The first two weeks of June have been kind to Steamboat Springs in terms of producing some cold fronts and afternoon cloudbursts that have conserved moisture in residential gardens.

Bob Stoddard of Mount Werner Water and Sanitation District is hoping people will back off their automated lawn irrigation systems when natural precipitation occurs. That action might forestall the day when domestic water use begins drawing down Fish Creek Reservoir.

Stoddard, like many area residents, keeps an eye on the ski slopes to gauge how the water season is going. He's optimistic municipal water use won't begin drawing down the reservoir until after July 1.

"I watch the snow on Storm Peak," Stoddard said. "Most years, there's still snow on July 4. In 2002 (a severe drought year), it was gone by June 1. I think we have a week or so more" before the snow disappears from the face of the ski area.

Even after the snow leaves the summit, drifts will continue to feed tributaries of Fish Creek and the Yampa River, Stoddard said.

Fish Creek Reservoir is Steamboat's primary source of water for human use and filled earlier than usual this year, on May 23. It would have filled sooner, but Mount Werner Water opened a gate and began releasing water before the reservoir filled.

Between 30 and 40 cubic feet per second were spilling over the top of the brimful reservoir June 15.

Stoddard checked the National Resource Conservation snowpack site Tuesday and saw that 5 inches of snow-water equivalent remains at the "Tower Site" on Buffalo Pass, about four miles north of the reservoir.

"I think within two to three days, it's going to be down to zero," Stoddard said.

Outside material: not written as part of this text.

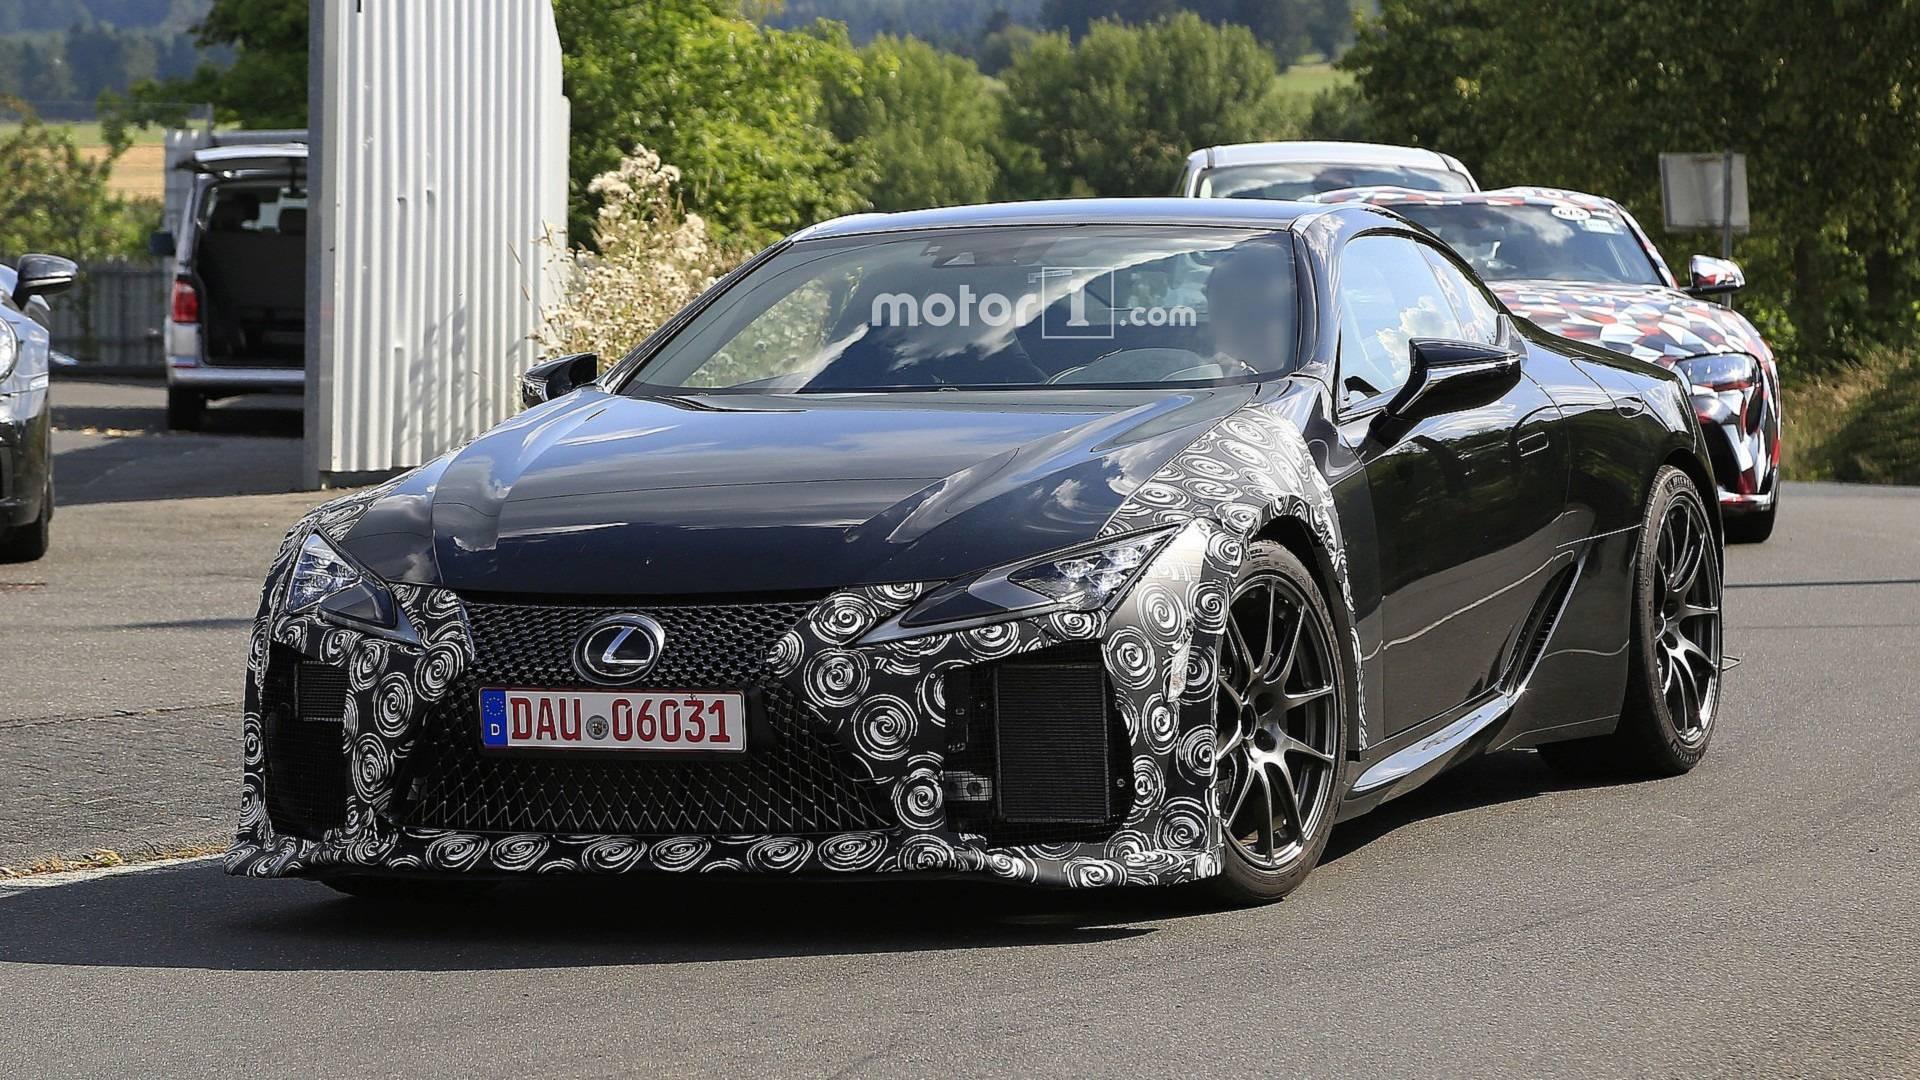 Lexus Lc F Spotted Hiding Aggressive Front Fascia

The water spilling over the reservoir this week represented 10 percent to 20 percent of the water in Fish Creek at the confluence with the Yampa River. When the snowpack on the Continental Divide gives up the remaining 5 inches of water it holds, the flows in the Yampa could see a significant drop.

Fish Creek had been yo-yoing between about 200 cfs and 375 cfs during its daily cycle early this week. As recently as June 8, it was flowing at 700 cfs, and by June 10, it was at 400 cfs.

Stoddard interprets the signs to mean streamflows in the Yampa close to Steamboat won't be as robust as they were during the summer of 2003.